Two serious adverse events were observed in the clinical trial of gene therapy for the X-linked form of severe combined immune deficiency disease (XSCID) being performed by Alain Fischer, MD and colleagues at the Hôpital Necker Enfants Malade, Paris, France. In October, 2002 one of the subjects developed what appears to be T cell leukemia-like illness, about three years after the gene therapy procedure. The child is now receiving chemotherapy. A second child was diagnosed with a similar leukemia in December 2002. The cause of this leukemia appears to be consequence of a process termed “insertional oncogenesis.” Insertional oncogenesis has been previously thought to be a very unlikely but possible risk with the type of vector used in this study, since these vectors cannot reproduce themselves and so cannot repeatedly insert into the cell’s chromosomes, the process that is most likely to lead to a malignant change. No evidence of leukemias or other forms of cancer were seen in the extensive pre-clinical studies performed before the trial was begun. Although no similar adverse event has been thought to be related to the gene therapy in more than 100 patients, the success rate and detail of follow-up has been much more extensive in the Fischer trial.
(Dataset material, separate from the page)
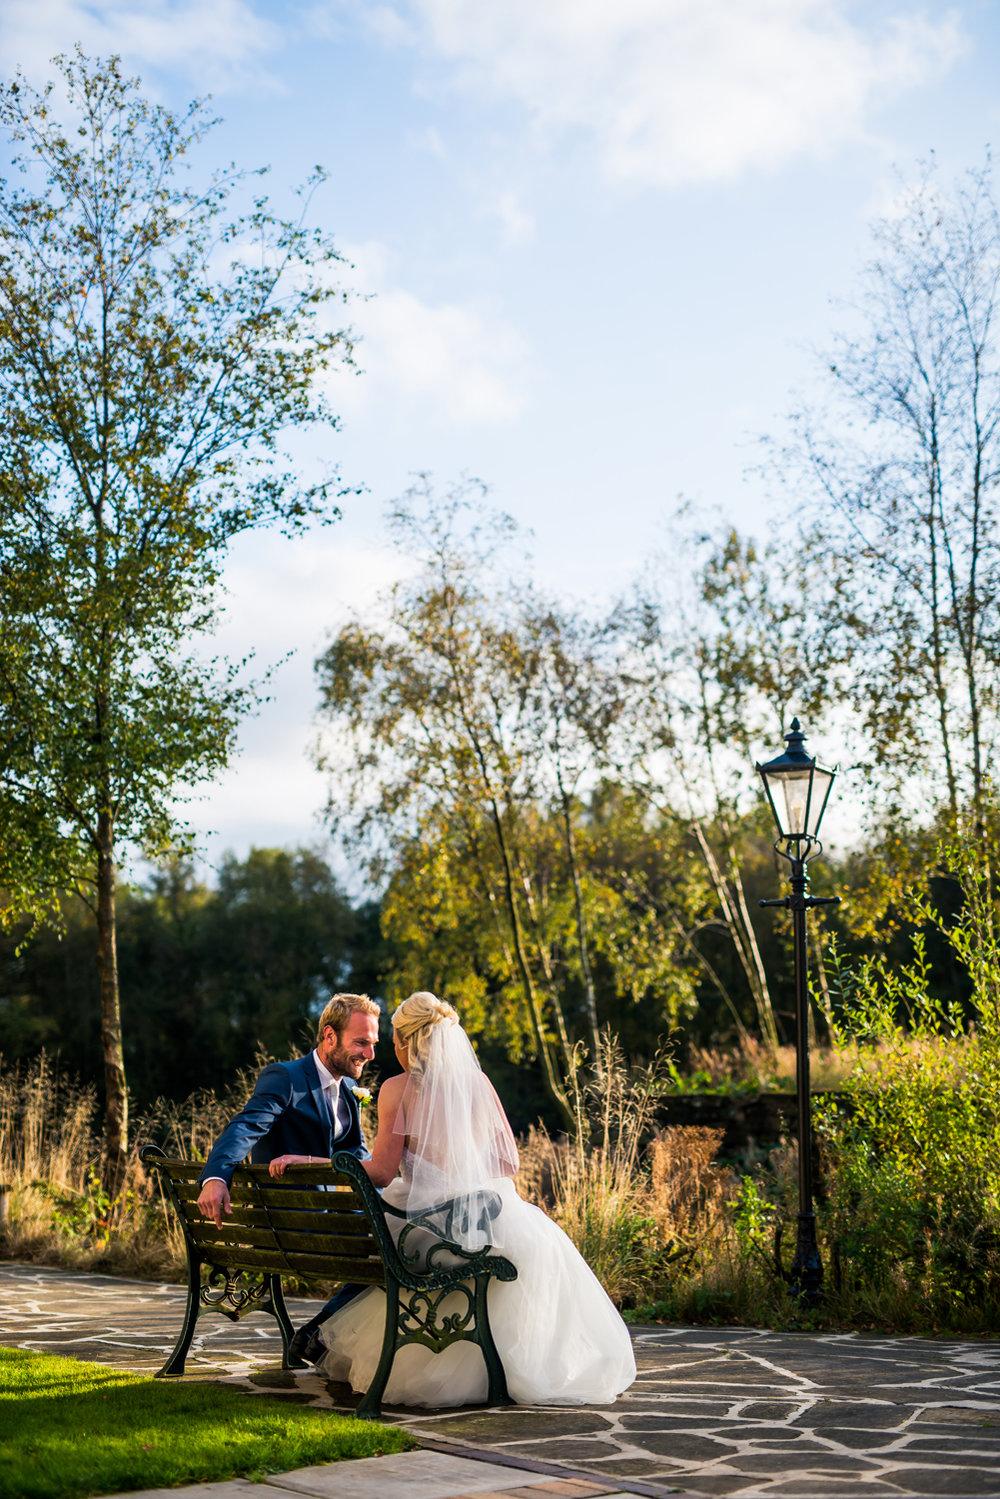 Emma and Martin wedding photos  (246 of 299).jpg
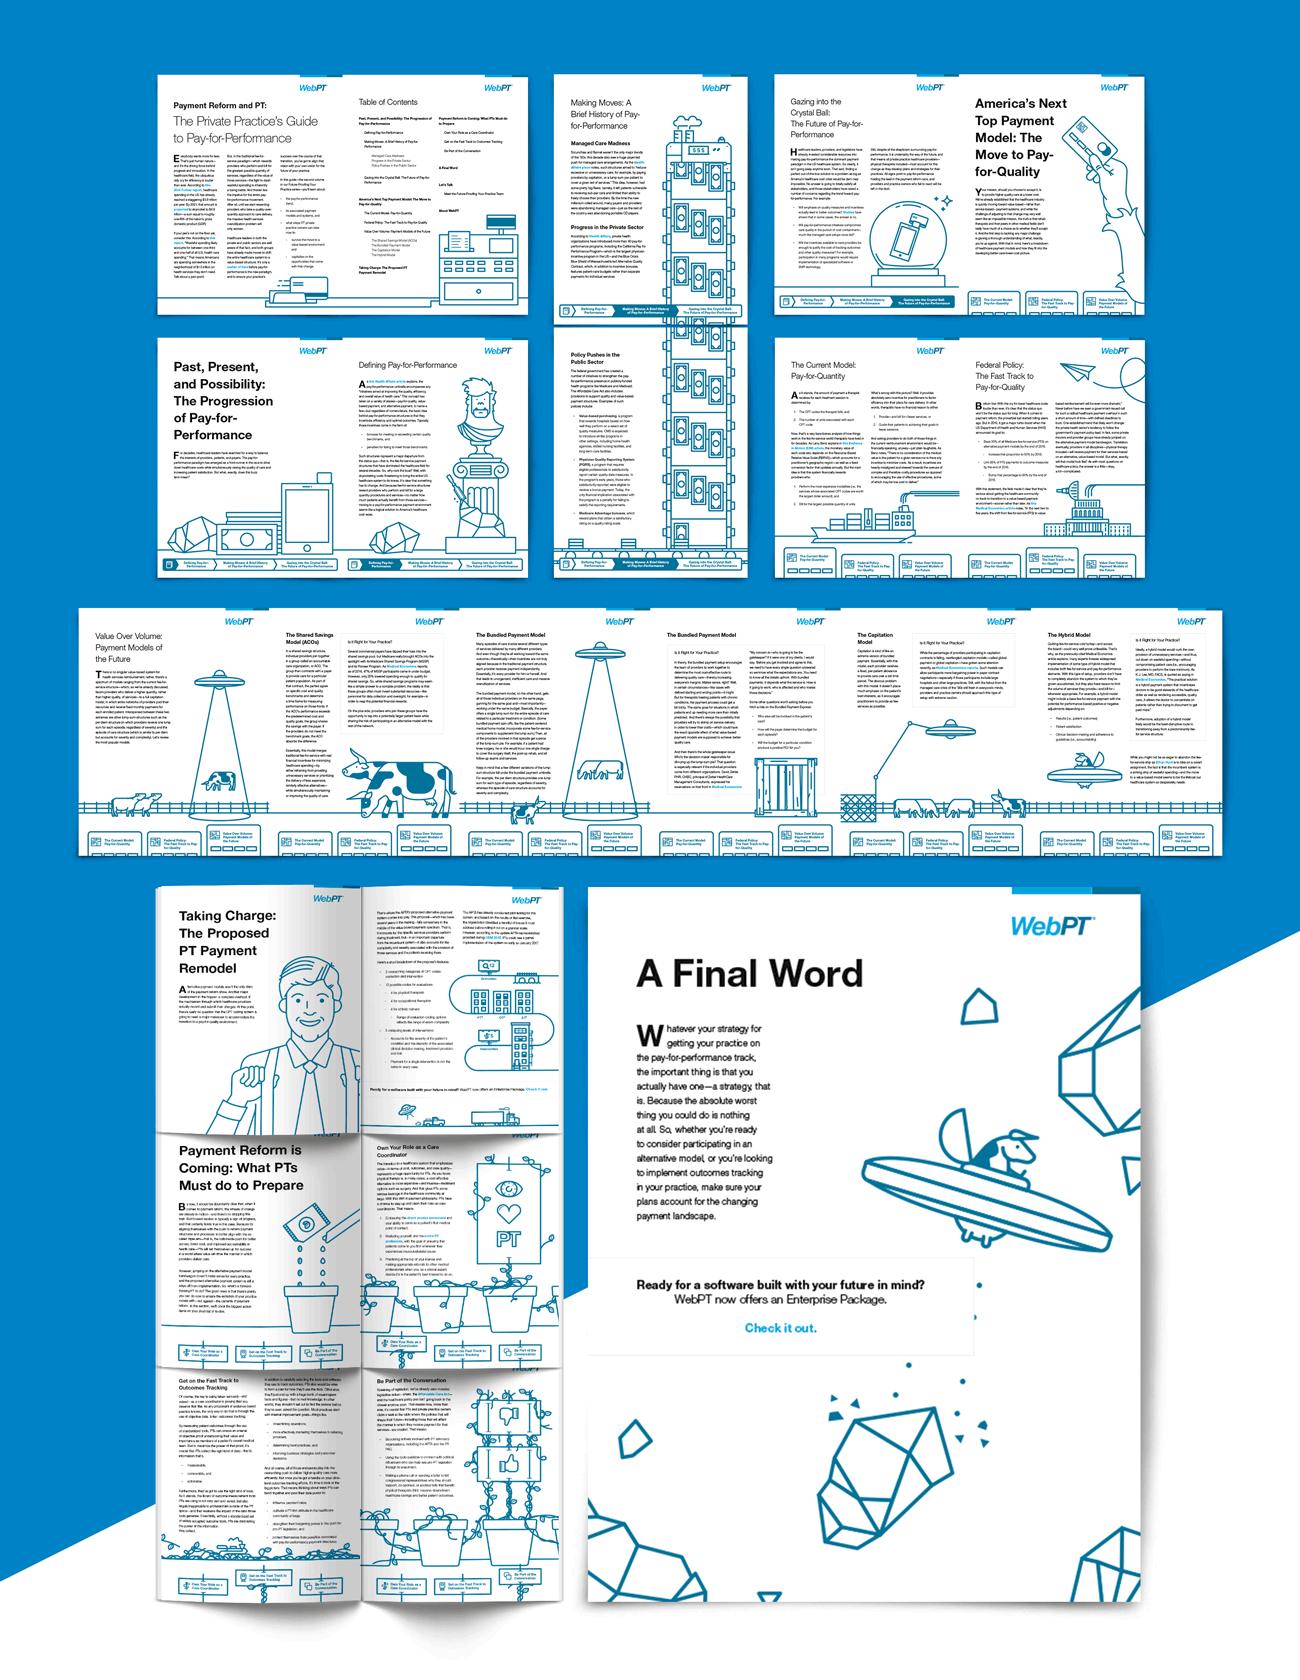 Dot Pixel - WebPT - Payment Reform and PT - Sales/Marketing Collateral Design

This risk of cancer as an adverse side-effect of gene therapy is stated explicitly in the informed consent statements that describe the risks and potential benefits to patients and their families.

Question 36

Take home message #3: As with all clinical research, patient safety is of paramount importance and all possible efforts must be made to minimize risks.

Answer 36

Take home message #3: As with all clinical research, patient safety is of paramount importance and all possible efforts must be made to minimize risks.

Question 37

Factors that will influence the development of gene therapy in the future include:

Answer 37

A. Optimizing vector safety to reduce adverse event risk
B. Overcoming the technological obstacles
C. Additional analysis of the human genome, including understanding of microRNAs
D. Expansion of the diagnostic industry
E. Reducing risk to patients which is essential for public acceptance of gene therapy

Question 38

CRISPR/Cas

Answer 38

A revolutionary new development for gene therapy applications

The CRISPR-Cas9 system allows for specific gene editing (silencing, enhancing or exchanging genes). By expressing Cas9 and specifically designed CRISPRs, any organism’s genome can be cut at any desired location allowing specific replacement of a defective gene with a functional gene.